La science nous offre l’idée qu’un jour, tout sera sous contrôle, puisque tout obéit à des règles régulières. Il suffit de trouver les formules mathématiques qui imitent le mieux les observations, afin de réaliser des prédictions.
En fait, c’est vrai dans un environnement où l’on contrôle tout, et où l’on se limite à ce qu’on peut observer à notre échelle d’espace et de temps.
Les lois de la gravité ne suffisent pas à expliquer certains mouvements des astres, par exemple le fait que les galaxies s’éloignent les unes des autres de plus en plus vite. Pour l’expliquer, on parle de “matière noire”, inobservable directement, et exerçant une force de gravité. Mais en fait, nous ne savons pas.
Même dans notre palette conceptuelle et sensorielle limitée, il est difficile de reproduire un environnement avec précision, et donc de faire des prédictions parfaites, car nos instruments de mesure sont limités.
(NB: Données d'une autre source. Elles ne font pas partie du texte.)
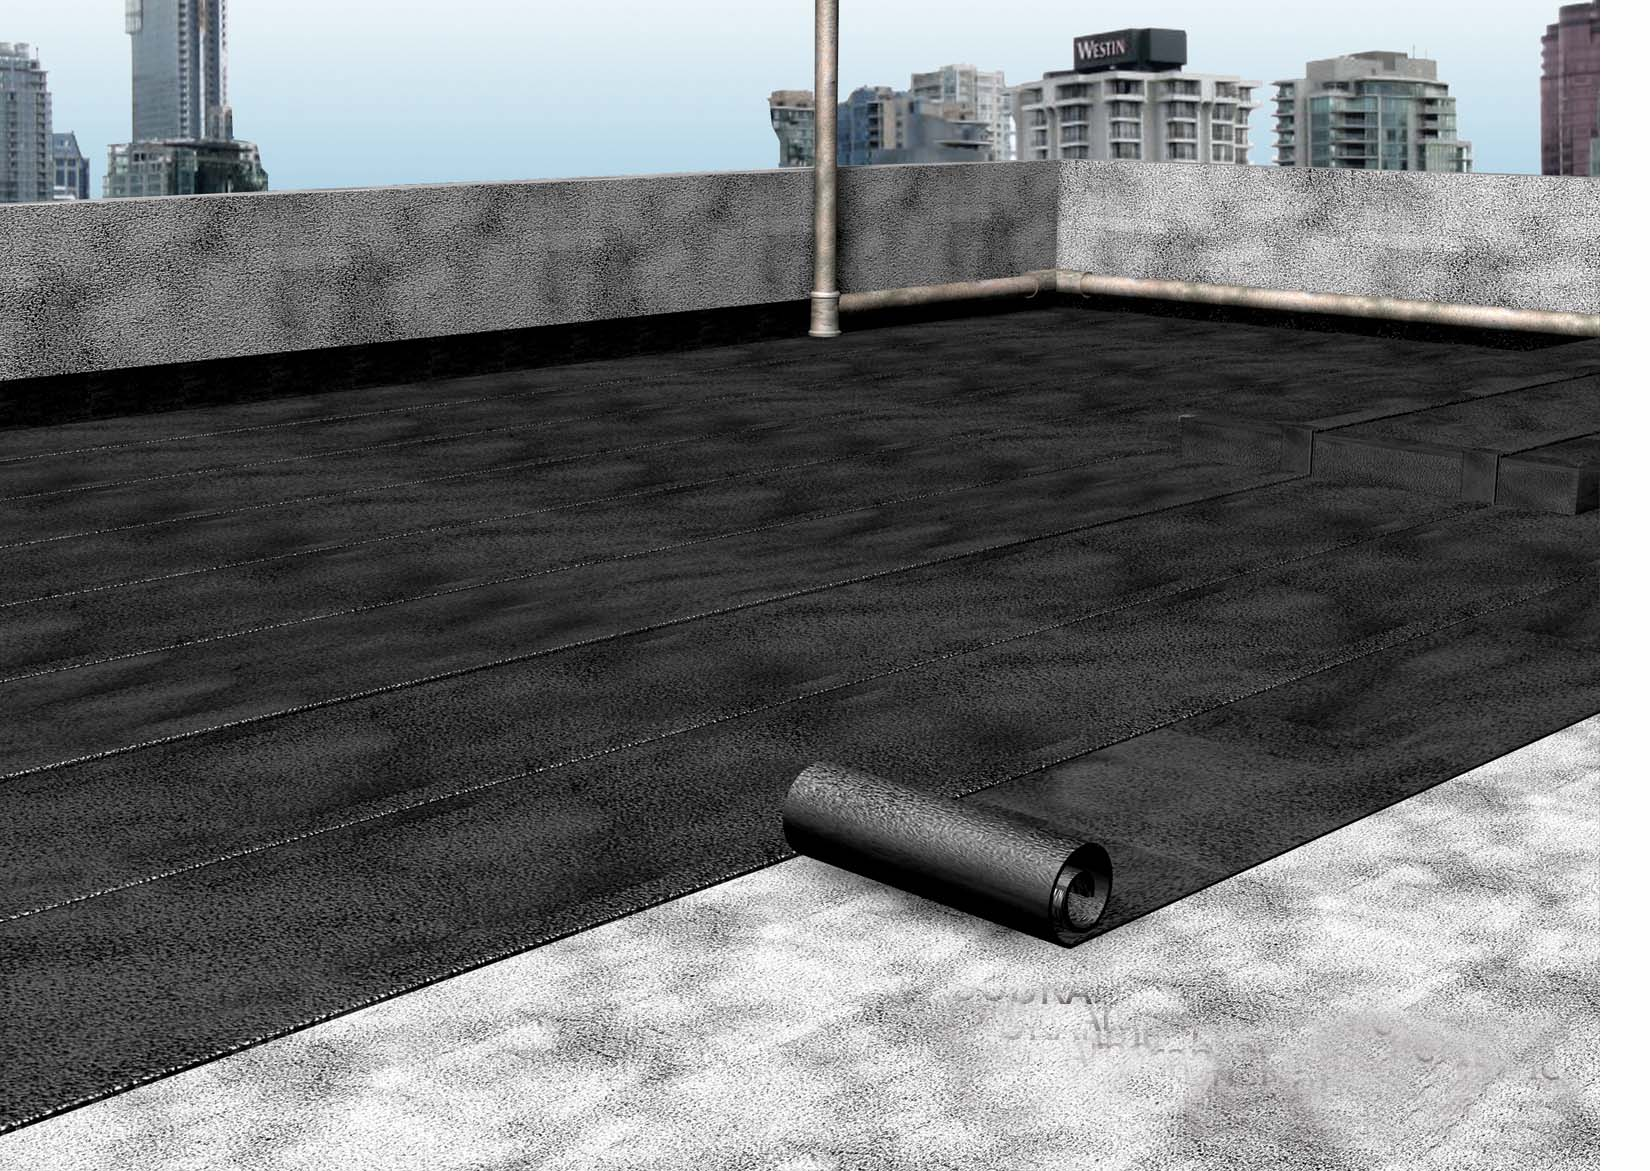 Types Of Waterproofing : Types of waterproofing construction

Or, de très petites différences de conditions initiales, qui ne sont pas toujours mesurables, peuvent produire des résultats tout à fait différents.
C’est ce qu’a observé un météorologue nommé Lorenz dans les années soixante. Il réalisait des prévisions météo à partir de formules mathématiques complexes prenant en paramètres des conditions climatiques telles que la vitesse du vent, la température et la pression. En laissant plus de chiffres après la virgule, donc en entrant des mesures plus précises, les résultats deviennent tout à fait différents. Il en déduit que des variations subtiles peuvent produire de grands changements
Un battement d’ailes de papillon au Brésil peut produire une tornade au Texas
Edward Lorenz, 1972
Avant Lorenz, Mary Lucy Cartwright et John Edensor Littlewood avaient observé un phénomène pareillement surprenant, pendant la seconde guerre mondiale, au sujet des ondes radio. Lorsque l’amplitude des ondes radio était plus petite, leur transmission devenait plus instable, autrement-dit, imprédictible.
Lorsqu’on va vers l’extrêmement petit, au niveau des constituants supposés des atomes, la prédictibilité devient plus dure, et les physiciens calculent des probabilités d’événements. C’est le domaine de la physique quantique. Certaines observations vont jusqu’à défier nos capacités conceptuelles, par exemple le fait qu’un photon ou un électron puisse avoir parfois les propriétés d’une particule, et parfois celles d’une onde, selon la manière dont on le mesure.
Il n’y a que dans le monde mathématique, c’est à dire notre monde conceptuel, que nous pouvons produire de parfaites prédictions. Les connaissances que nous possédons dans d’autres disciplines sont de simples observations à partir desquelles nous avons dégagé des récurrences nous offrant une prédictibilité suffisante sur notre échelle de temps et d’espace, et qui parfois font l’objet de modèles mathématiques.
Ainsi, aucun être humain ne pourra totalement définir la réalité, car nous sommes limités dans ce que nous sommes capables d’observer et de concevoir. Nous pouvons observer des redondances et en déduire des règles, elles demeurent valables pour notre niveau d’observation seulement, dans un environnement où tout est sous contrôle.